Oman’s Sultan Qaboos bin Said Al Said, the Arab world’s longest-serving ruler, has died aged 79, state media reported on Saturday.
“The Diwan of Royal Court announces mourning and disrupts the official work of the public and private sectors for three days and flags at half-mast in the next 40 days,” Xinhua news agency quoted the state TV public channel as saying on Twitter.
The Sultan, who ruled Oman for almost half a century, was unmarried and had no heir or had designated successor, according to media.
Last month he returned home after undergoing medical checks and treatment in Belgium. There were reports he was suffering from cancer, the BBC said in a report.
At the age of 29, Sultan Qaboos in 1970 deposed his father Said bin Taimur in a bloodless coup with British support and using its oil wealth, he then set Oman on a path to development.
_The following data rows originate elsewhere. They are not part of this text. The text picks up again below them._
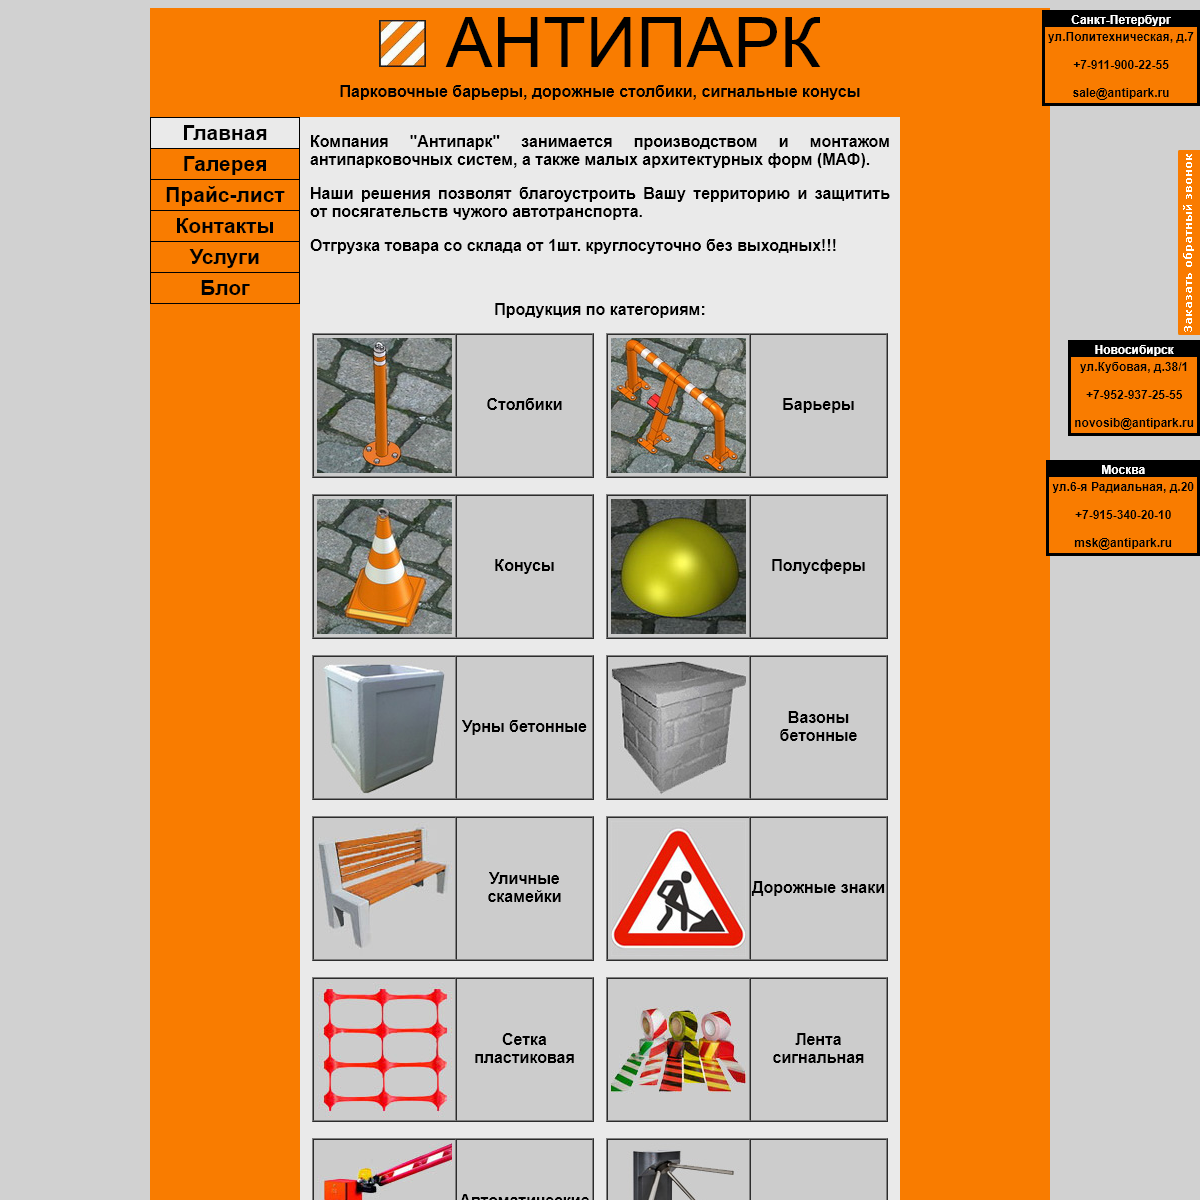 A complete backup of antipark.ru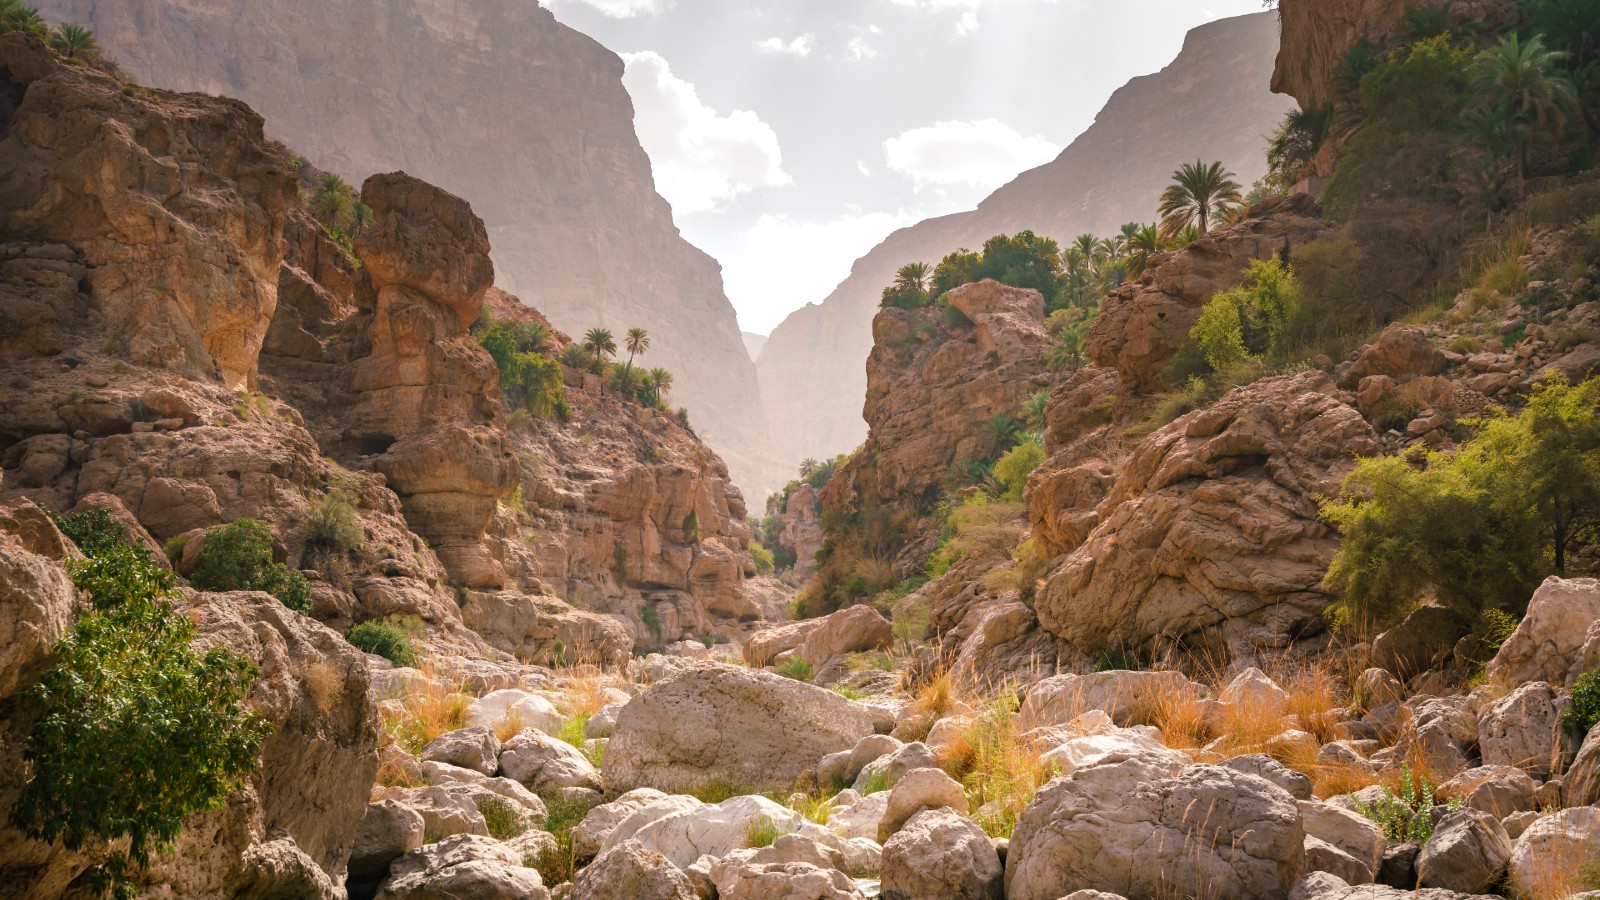 Rocky ground around the mountain areas in Oman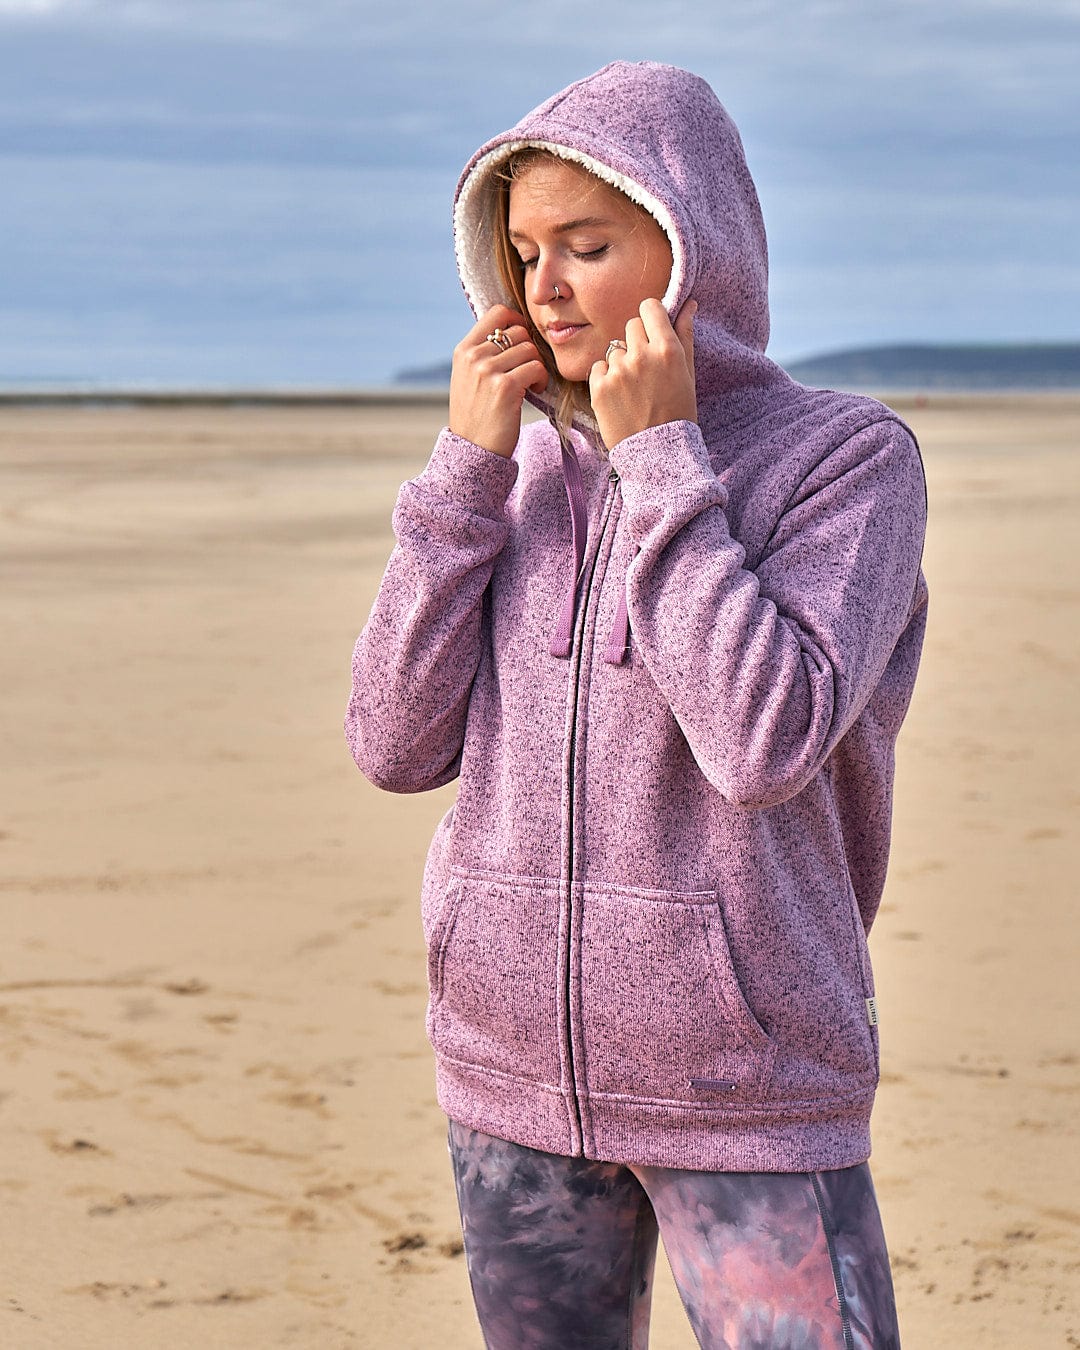 A woman in a Saltrock Farley - Lined Zip Hoodie - Purple standing on the beach.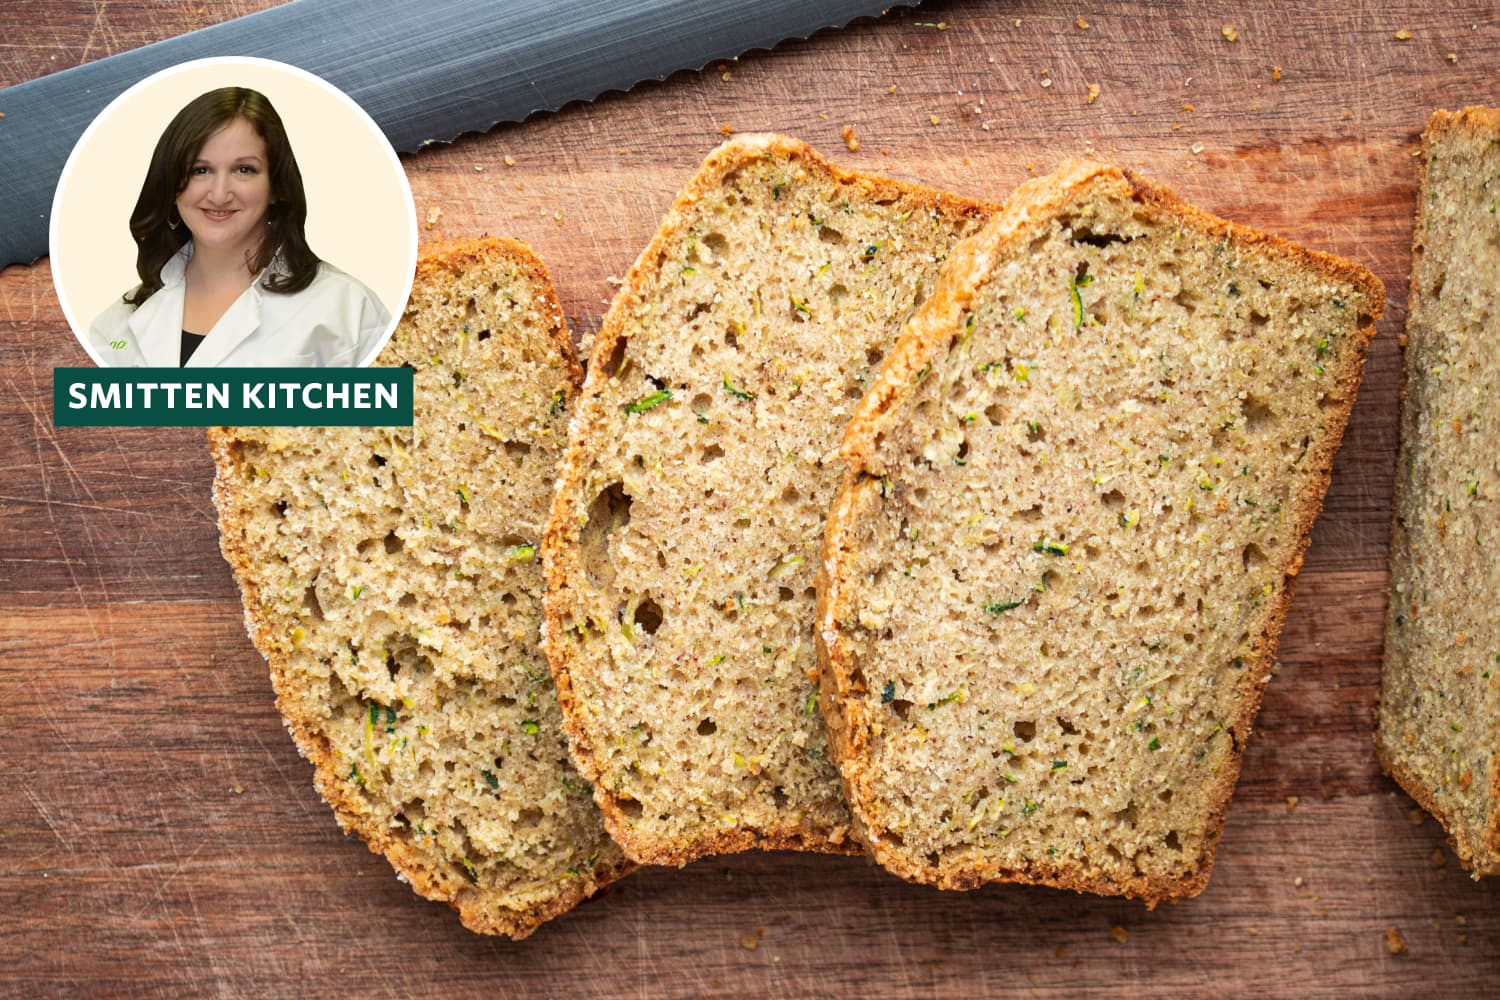 The One Ingredient That Makes Smitten Kitchen’s Zucchini Bread So Good

According to the sultanate’s Basic Statute, the Royal Family Council – comprising about 50 male members – should choose a new Sultan within three days of the throne falling vacant.
If the family cannot agree, members of the defence council and the chairmen of the Supreme Court, the Consultative Council and the State Council will open a sealed envelope in which Sultan Qaboos secretly recorded his choice and enthrone that person.
The sultan is the paramount decision-maker in Oman and also holds the positions of the prime minister, supreme commander of the armed forces, minister of defence, minister of finance and minister of foreign affairs.